Ambiance dans le jardin de l'association.

Crédit photo Tim Douet
Depuis deux ans, l’antenne lyonnaise de l’association Wake up Café accompagne des détenus qui bénéficient d’un aménagement de peine. A travers des ateliers collectifs et un soutien individualisé, la structure les aide à retrouver une place dans la société.

La lumière décline doucement le long des grandes tables sur lesquelles le buffet est dressé. Au fond du jardin partagé que borde un enclos de poules pondeuses, le repas attend les derniers convives pour démarrer. Les premiers arrivés discutent, un verre de soda à la main, assis sur des poufs à même le sol. Ce soir, comme chaque premier mercredi du mois, le dîner est organisé pour rassembler la communauté des « wakeurs » ainsi que les salariés et les bénévoles de Wake up Café. Les « wakeurs » étant les bénéficiaires de cette association : des sortants de prison dont la peine s’achève hors les murs.
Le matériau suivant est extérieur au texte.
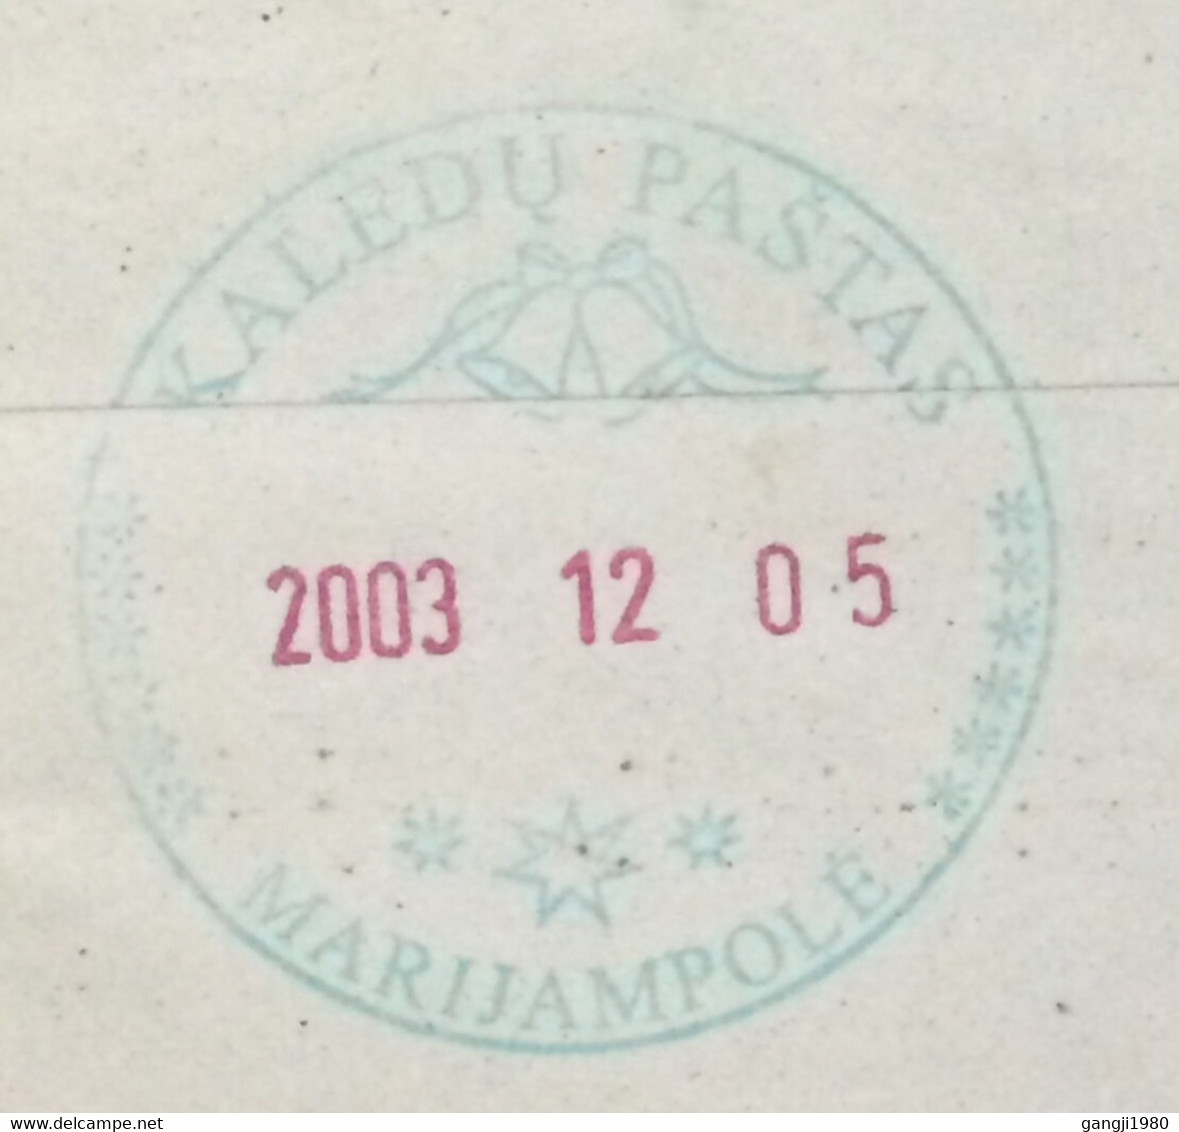 GREECE 2003, COVER USED TO LITHUANIA, OLYMPIC, POLE VAULT, GAME, SPORT, PATRAS  & MARIJAMPOLE CITY CANCEL - Covers & Documents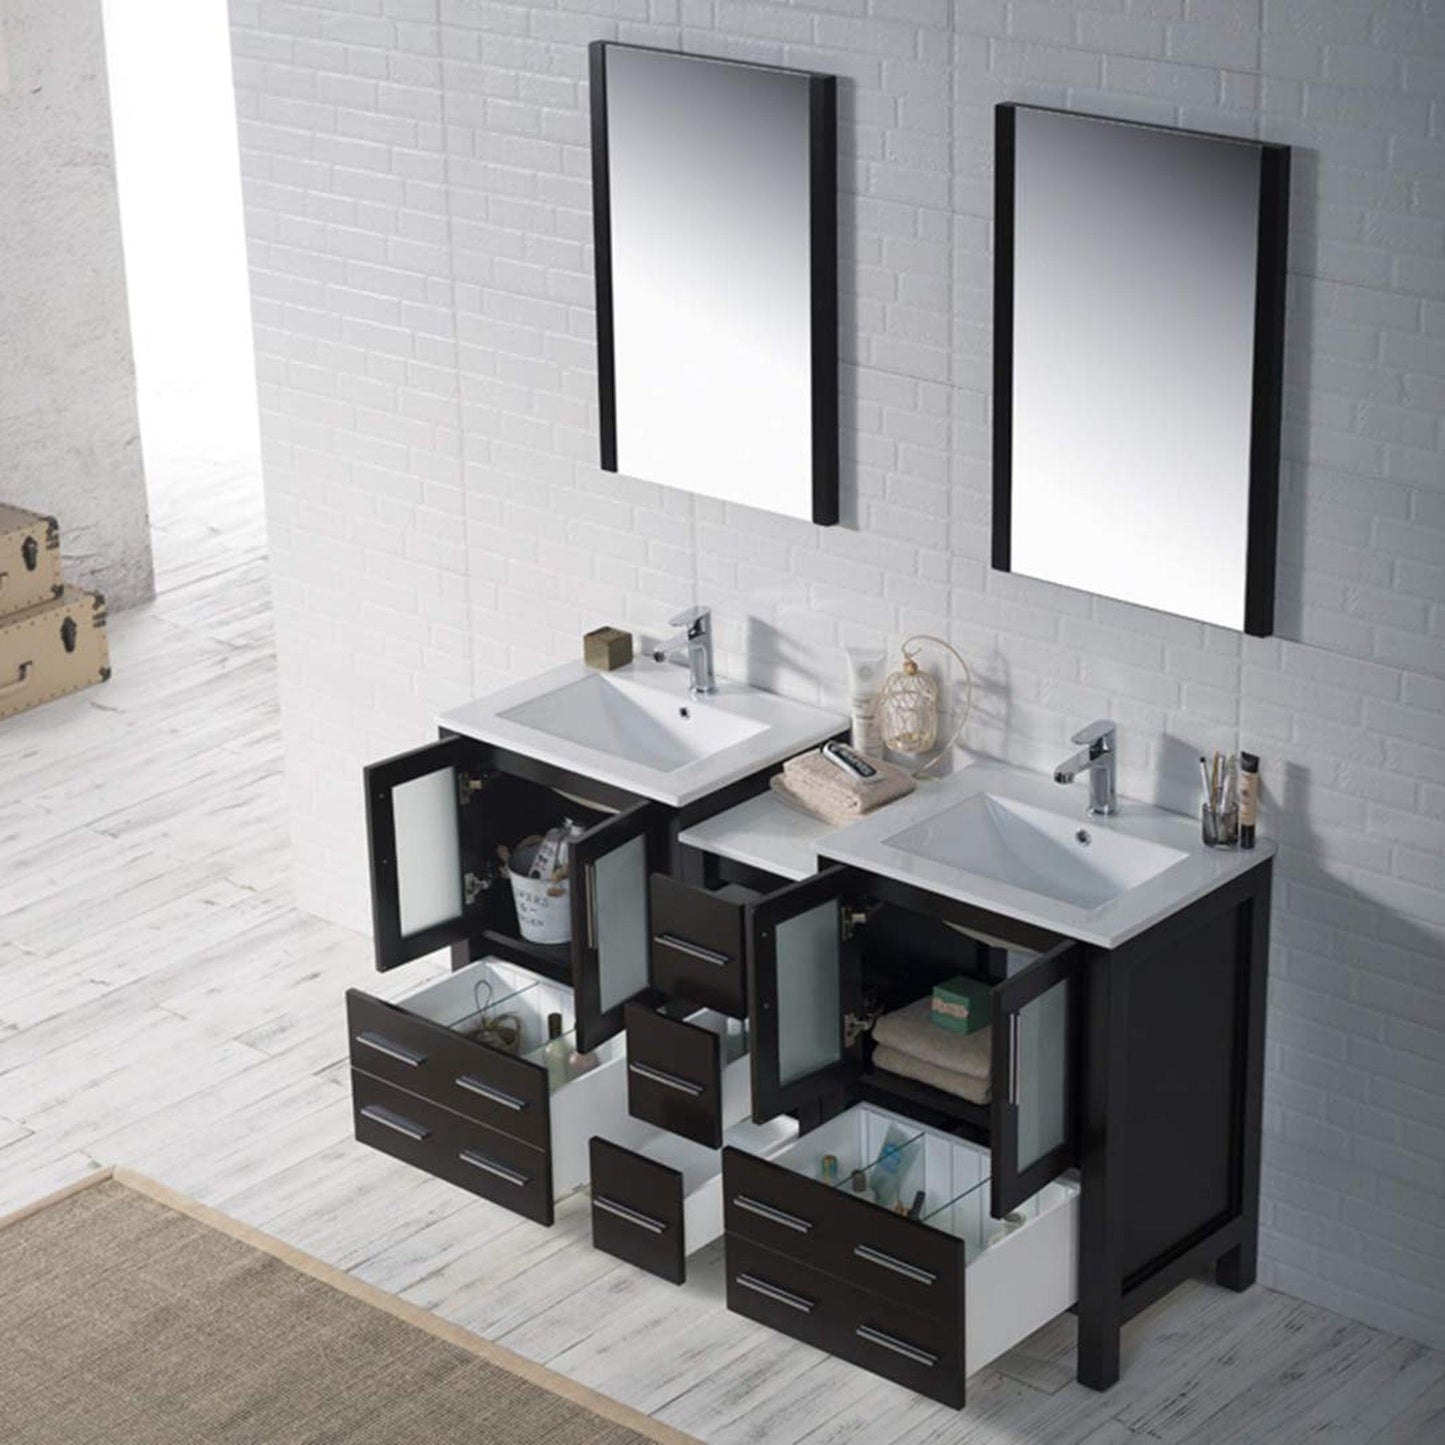 Blossom Sydney 60" Espresso Freestanding Vanity Set With Integrated Double Sink Ceramic Top, Mirror and Side Cabinet

C’est le cas de Stéphane(1), 44 ans. Sorti en mars dernier, il bénéficie actuellement d’un aménagement de peine. Pendant un an, il est hébergé au centre de semi-liberté (CSL) de Jean-Macé, à Lyon. Il passera ensuite une année supplémentaire en libération conditionnelle. Après vingt ans derrière les barreaux, celui que tout le monde appelle sobrement « Steph » raconte en avoir terminé avec cette vie-là : « En prison, t’as beau être un dur, tout le monde a des limites. J’ai fini par atteindre les miennes. Aujourd’hui, j’ai envie de profiter. » Assurant n’avoir aucun mal à couper avec l’« intérieur », il reconnaît avoir eu besoin de soutien une fois à l’extérieur. « Wake up Café a déjà été un atout dans ma demande d’aménagement de peine. Maintenant, l’association m’aide dans toutes les démarches administratives. Après des années en prison, on est largué », lâche-t-il.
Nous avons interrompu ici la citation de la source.